Executive Summary

A critical remote code execution (RCE) vulnerability, CVE-2025-11001, in the widely-used 7-Zip file archiving utility is now under active exploitation. The vulnerability, first disclosed in October 2025, has a CVSS score of 7.0 and affects all versions of 7-Zip prior to 25.0.0. The flaw is a path traversal weakness that allows an attacker to execute arbitrary code by tricking a user into extracting a malicious ZIP archive. Due to the ubiquity of 7-Zip in both personal and enterprise environments, the potential for widespread compromise is significant. NHS England Digital has confirmed active exploitation and issued an advisory on November 18, 2025, urging immediate patching.

Vulnerability Details

CVE-2025-11001 is a path traversal (also known as "Zip Slip") vulnerability. It stems from the improper handling of symbolic links within a ZIP archive. An attacker can create a malicious archive containing a symbolic link that points to a location outside of the intended extraction directory (e.g., ../../../../../../windows/system32/). When a vulnerable version of 7-Zip extracts this archive, it follows the symbolic link and writes a subsequent file (e.g., a malicious DLL or executable) to that sensitive system location. This can lead to arbitrary code execution with the privileges of the user running 7-Zip.

A related flaw, CVE-2025-11002, which shares the same root cause, is also fixed in the patched version.

Affected Systems

• 7-Zip: All versions prior to 25.0.0.

Exploitation Status

• Active Exploitation: Confirmed in the wild. Attacks have been observed targeting the healthcare and finance sectors.
• Attack Vector: Social engineering. Attackers trick users into downloading and extracting a malicious ZIP file, often delivered via phishing emails.

Impact Assessment

Successful exploitation of CVE-2025-11001 allows an attacker to achieve remote code execution on the victim's machine. This can be a stepping stone for a more comprehensive attack, including:

• Ransomware Deployment: The attacker can drop and execute a ransomware payload.
• Credential Theft: A malicious payload can be used to steal passwords, session cookies, and other sensitive data.
• Persistent Access: The attacker can plant a backdoor or RAT (Remote Access Trojan) for long-term access to the compromised system and network.

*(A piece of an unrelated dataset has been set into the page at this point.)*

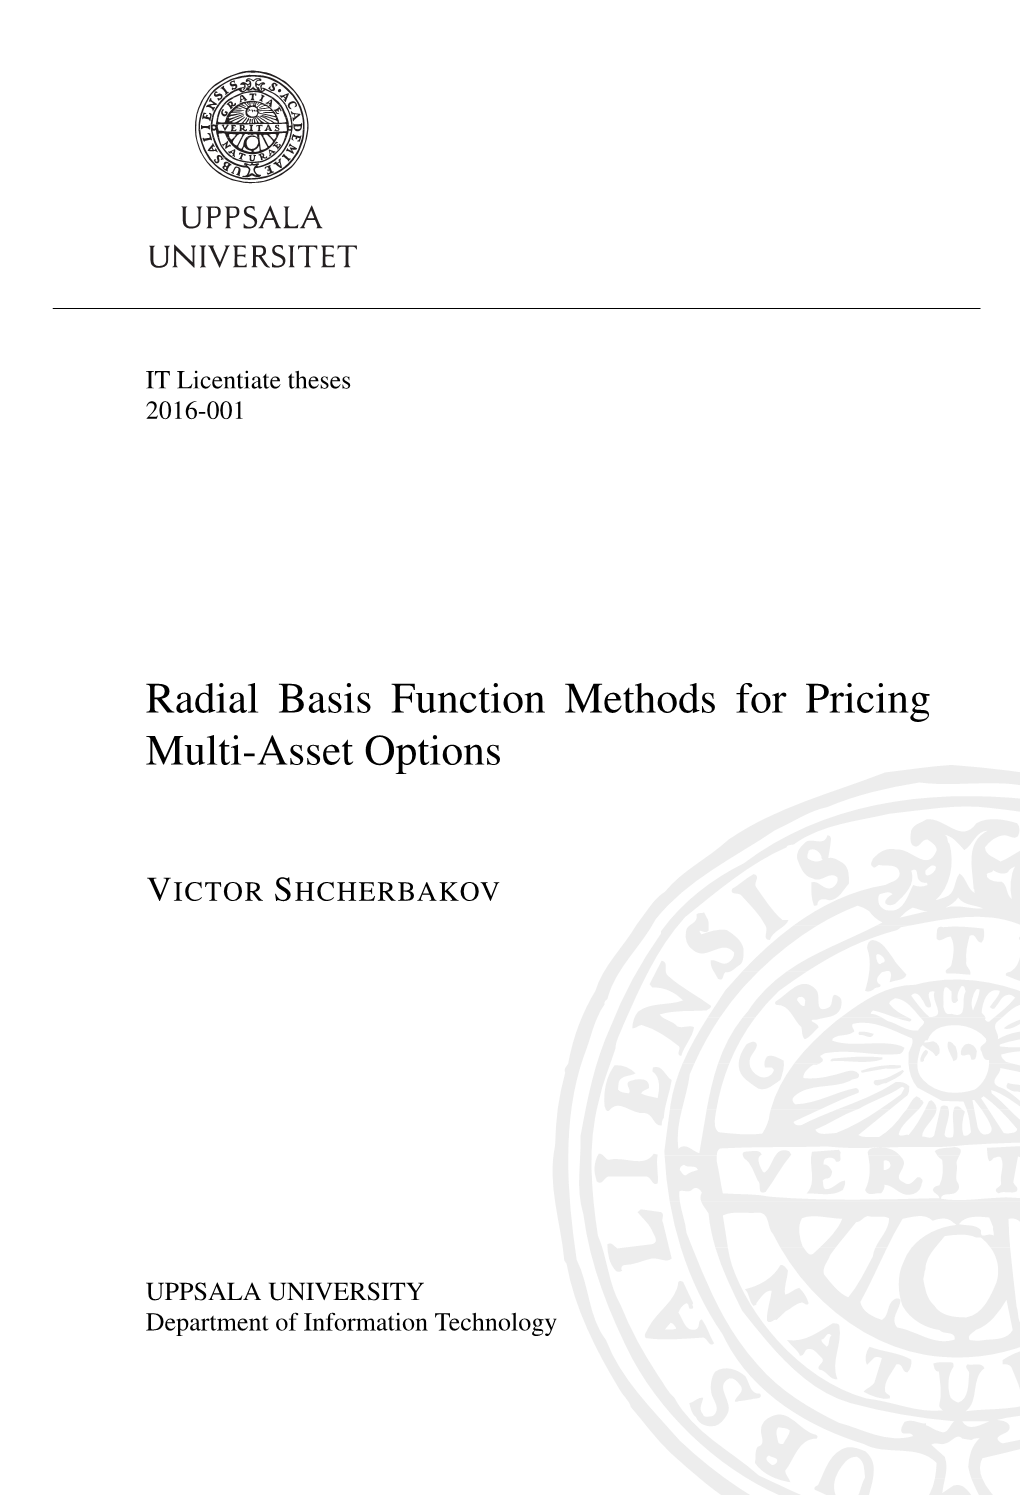 Radial Basis Function Methods for Pricing Multi-Asset Options

Because 7-Zip is often used in automated processes on servers, the vulnerability could also be triggered without direct user interaction if a server-side application automatically extracts untrusted archives. In this scenario, the code would execute with the privileges of the server's service account, which could be highly privileged.

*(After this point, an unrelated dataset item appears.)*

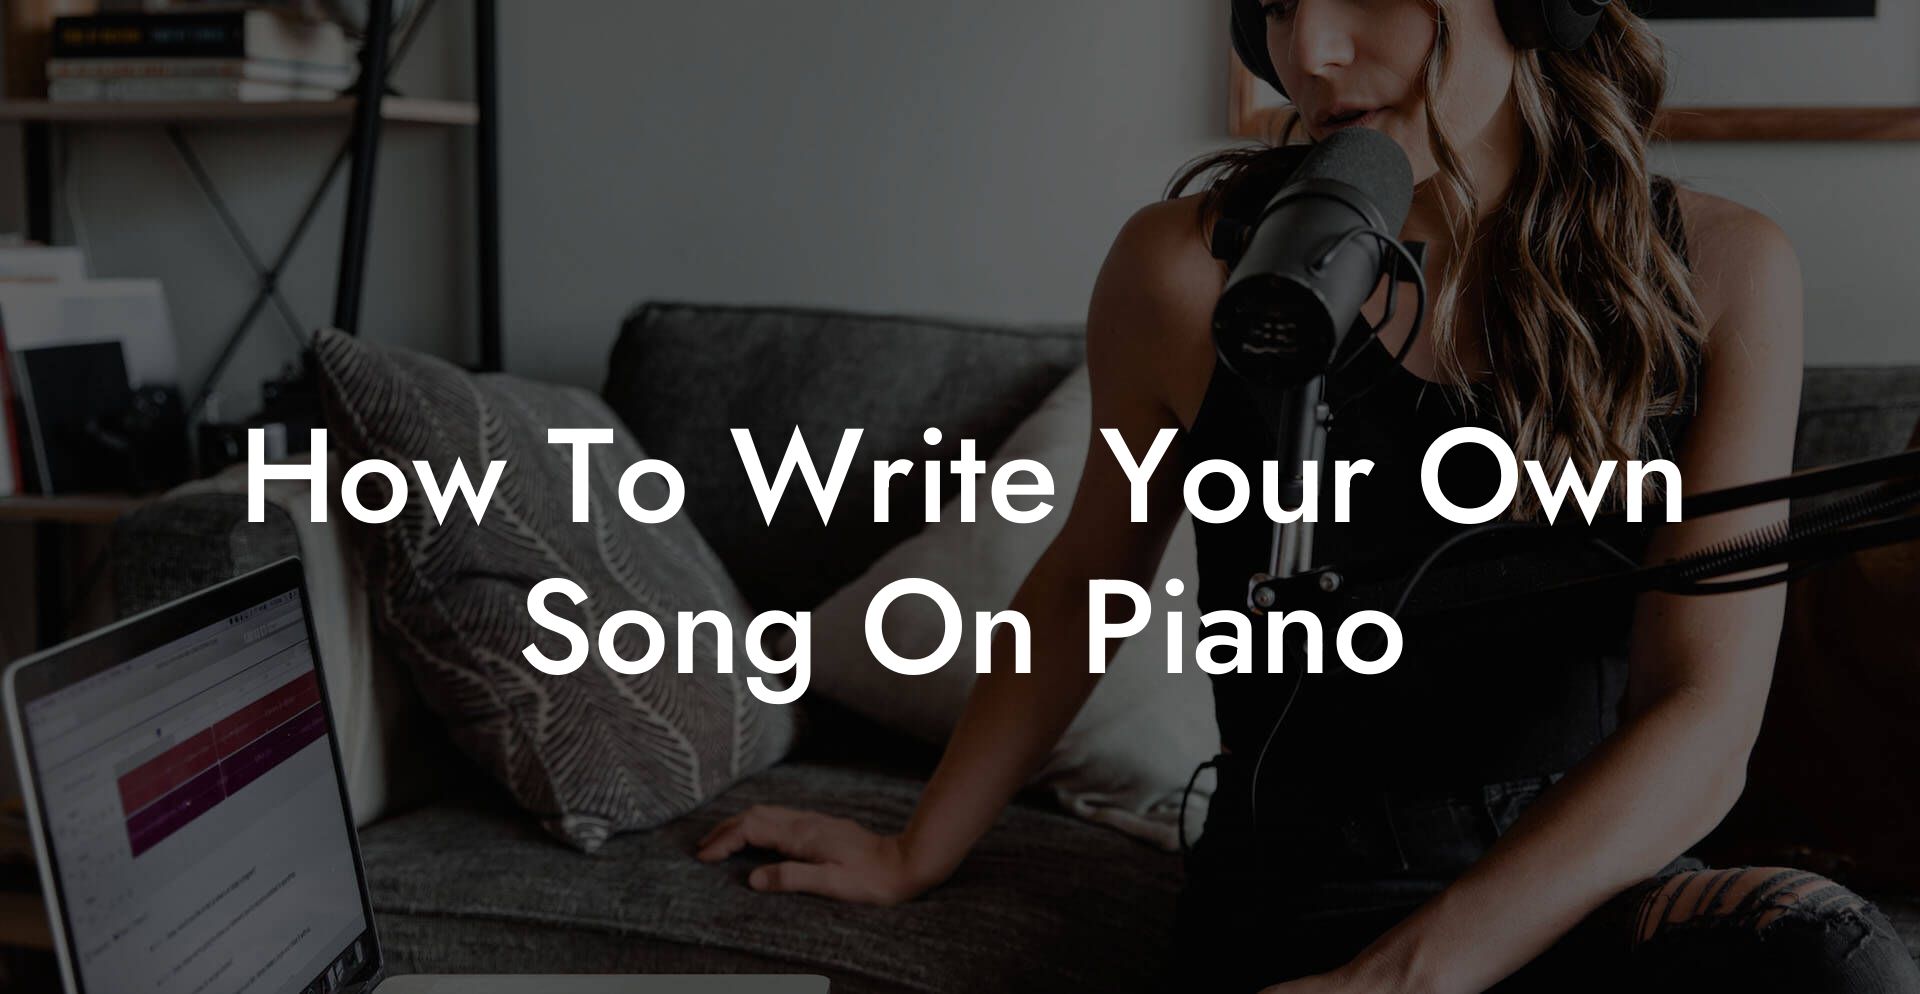 how to write your own song on piano lyric assistant

Cyber Observables for Detection

• File Name: Look for the extraction of ZIP files from untrusted sources, such as email attachments.
• Process Name: Monitor for the 7z.exe or 7zG.exe process writing files to unexpected locations outside of the user's intended extraction folder (e.g., C:\Windows, C:\Program Files).
• Log Source: EDR logs, File Integrity Monitoring (FIM) logs, and antivirus logs.

Detection Methods

1. Endpoint Detection and Response (EDR): Configure EDR rules to alert when the 7-Zip process writes files to sensitive system directories. This is a high-fidelity indicator of exploitation.
2. Asset Inventory: Use system management tools or asset inventory scanners to identify all systems with vulnerable versions of 7-Zip installed (< 25.0.0).
3. Email Security Gateway: Filter and block emails containing suspicious ZIP attachments, especially from unknown senders.

Remediation Steps

1. Update Immediately: The primary remediation is to update all installations of 7-Zip to version 25.0.0 or later. This should be treated as a high-priority patch. See M1051 - Update Software.
2. Automate Patching: This incident highlights the risk of manually-patched software. Organizations should use automated patch management systems to ensure that common utilities like 7-Zip are kept up-to-date across the entire enterprise.
3. User Training: Remind users not to open or extract attachments from untrusted or unsolicited emails. See M1017 - User Training.
4. Restrict Execution: As a compensating control, consider using application control policies (e.g., AppLocker) to prevent users from running unapproved software, although this may be difficult to implement for a common utility like 7-Zip.